Some of the world's oldest cave paintings have revealed how ancient people had relatively advanced knowledge of astronomy. The artworks, at sites across Europe, are not simply depictions of wild animals, as was previously thought. Instead, the animal symbols may represent star constellations in the night sky, and are used to represent dates and mark events such as comet strikes, analysis suggests. They reveal that, perhaps as far back as 40,000 years ago, humans kept track of time using knowledge of how the position of the stars slowly changes over thousands of years.
     The findings suggest that ancient people understood an effect caused by the gradual shift of Earth's rotational axis. Discovery of this phenomenon was previously credited to the ancient Greeks. Around the time that Neanderthals became extinct, people could define dates to within 250 years, a new study shows. The astronomical insights of ancient people may have aided navigation of the open seas, with implications for our understanding of prehistoric human migration.
     Researchers from the Universities of Edinburgh and Kent studied details of Palaeolithic and Neolithic art featuring animal symbols at sites in Turkey, Spain, France and Germany. They found all the sites used the same method of date-keeping based on sophisticated astronomy, even though the art was separated in time by tens of thousands of years.
     Researchers clarified earlier findings from a study of stone carvings at one of these sites - Gobekli Tepe in modern-day Turkey - which is interpreted as a memorial to a devastating comet strike around 11,000 BCE. This strike was thought to have initiated a mini ice-age known as the Younger Dryas period. They also decoded what is probably the best known ancient artwork - the Lascaux Shaft Scene in France. The work, which features a dying man and several animals, may commemorate another comet strike around 15,200 BCE, researchers suggest.

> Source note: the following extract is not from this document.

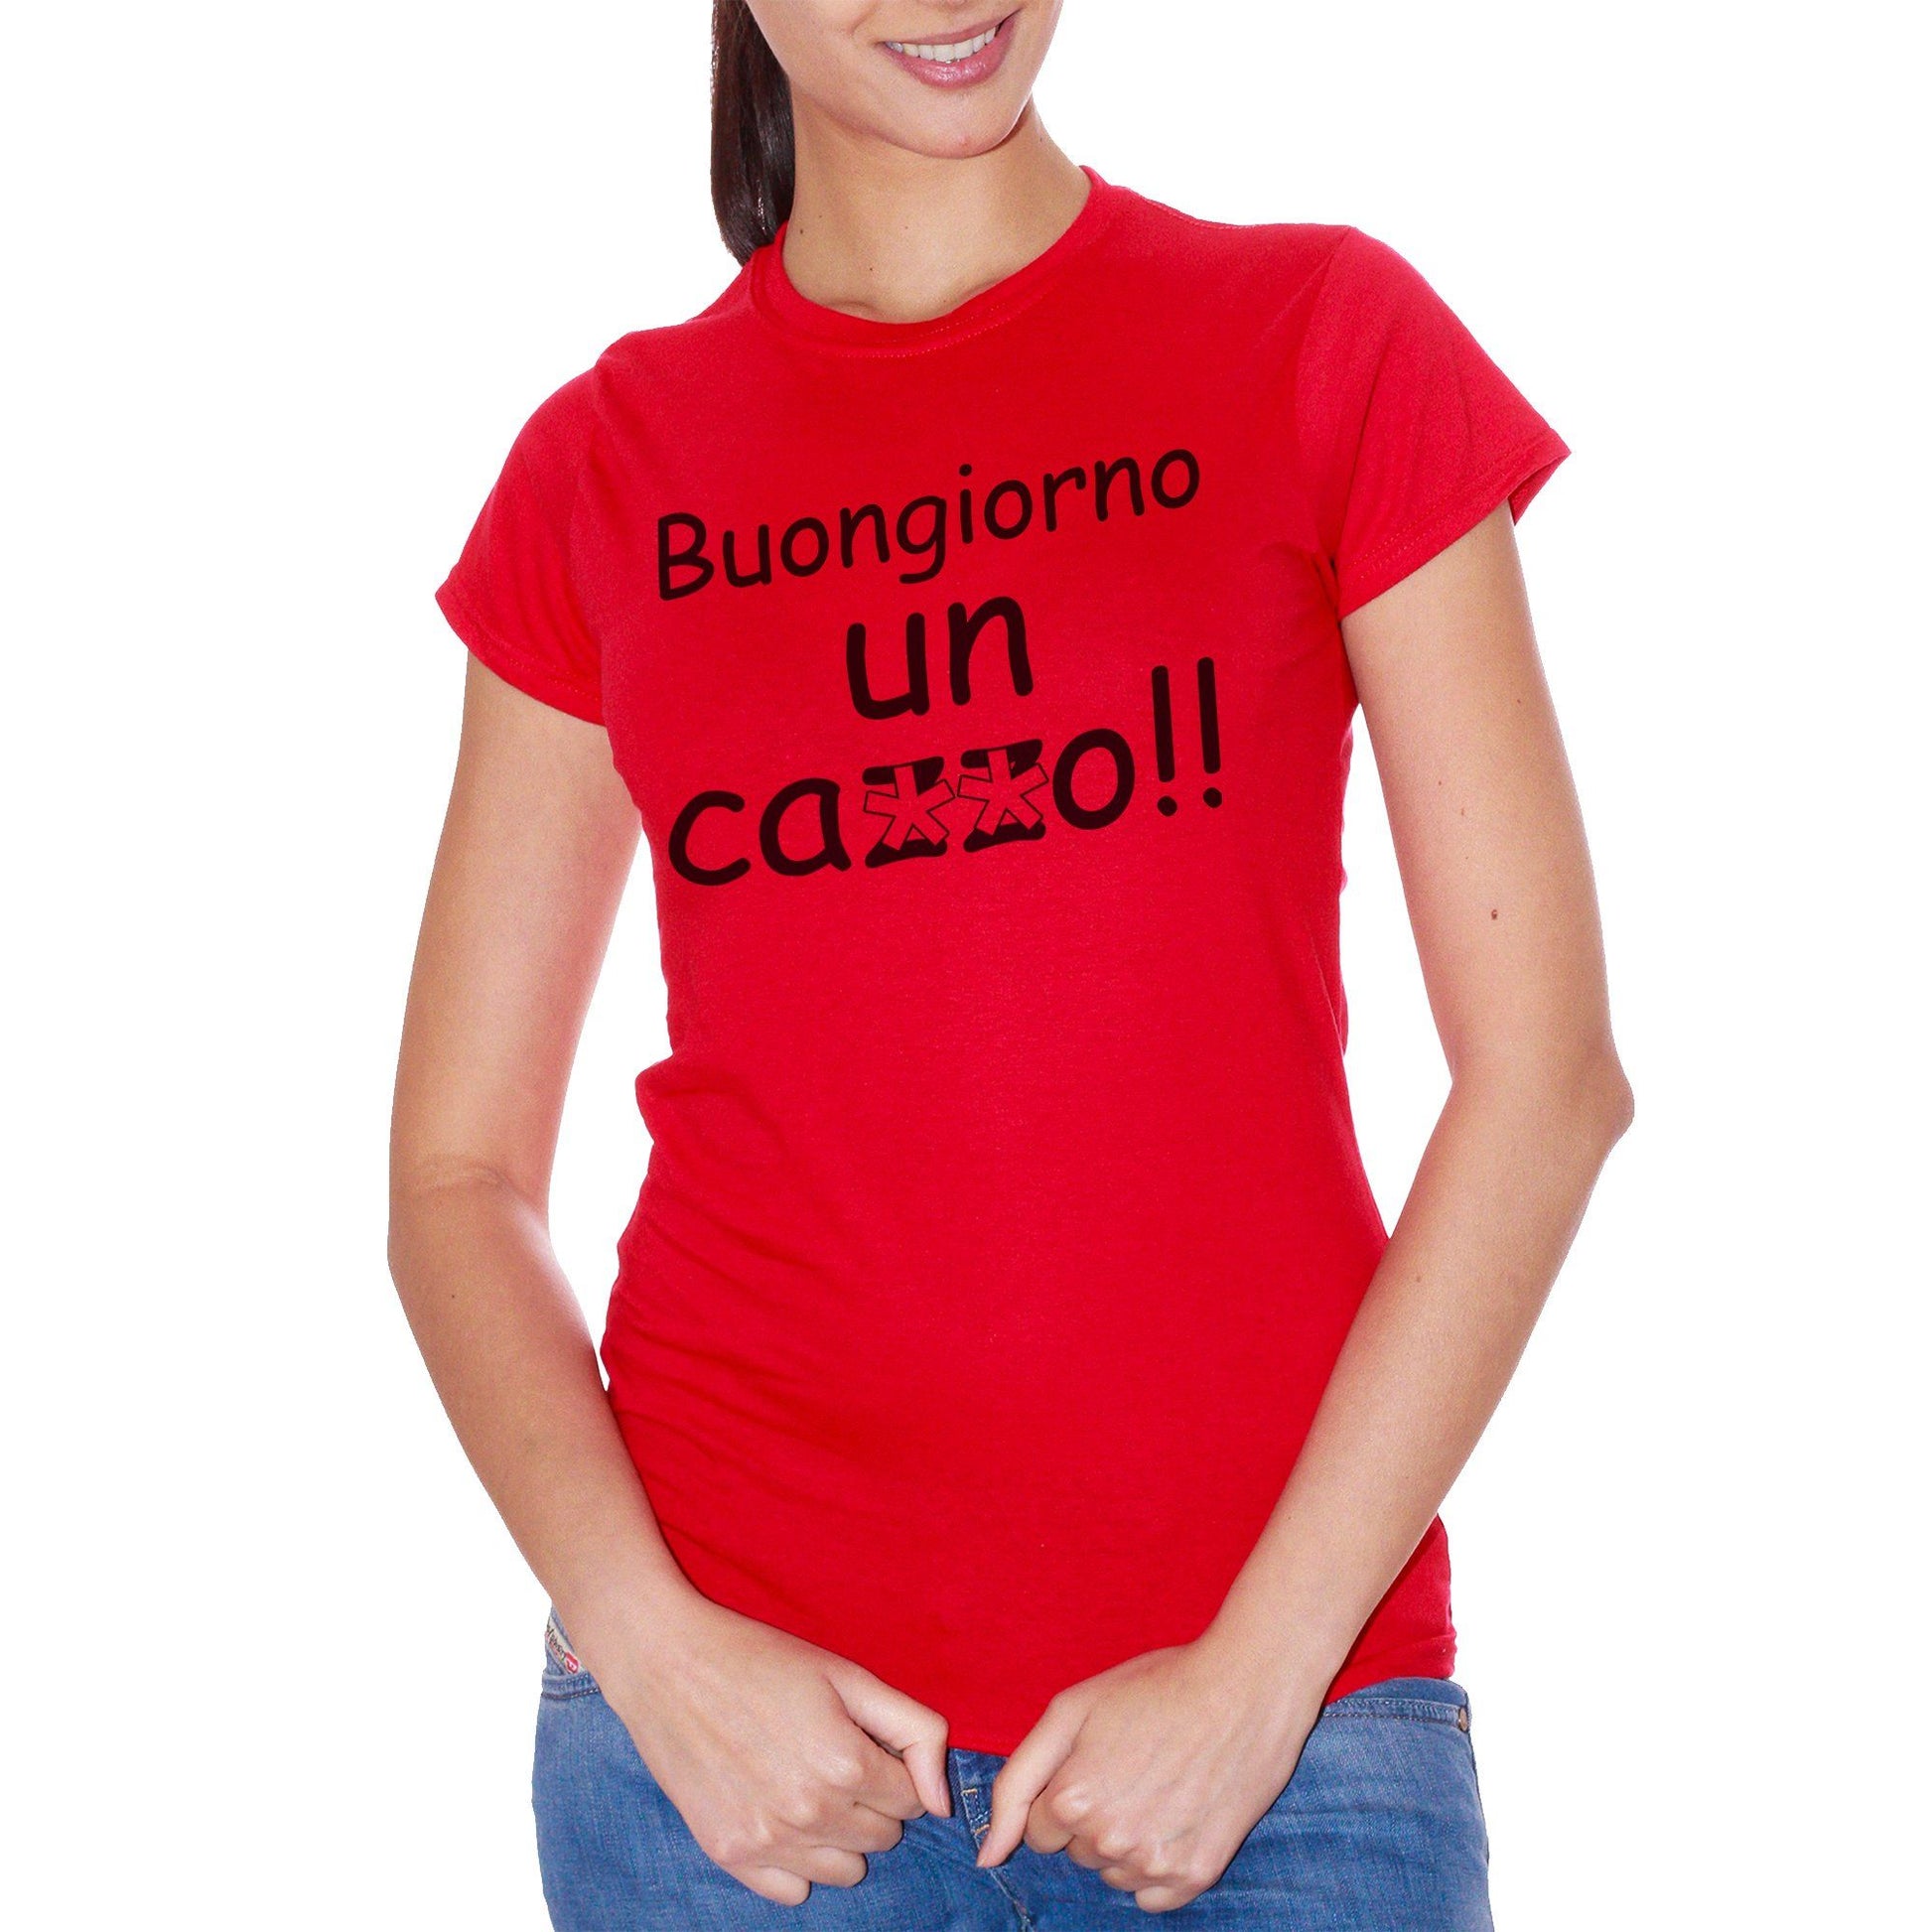 Red T-Shirt Fun Buongiorno - DIVERTENTE CucShop

     Dr Martin Sweatman, of the University of Edinburgh's School of Engineering, who led the study, said: "Early cave art shows that people had advanced knowledge of the night sky within the last ice age. Intellectually, they were hardly any different to us today. These findings support a theory of multiple comet impacts over the course of human development, and will probably revolutionise how prehistoric populations are seen."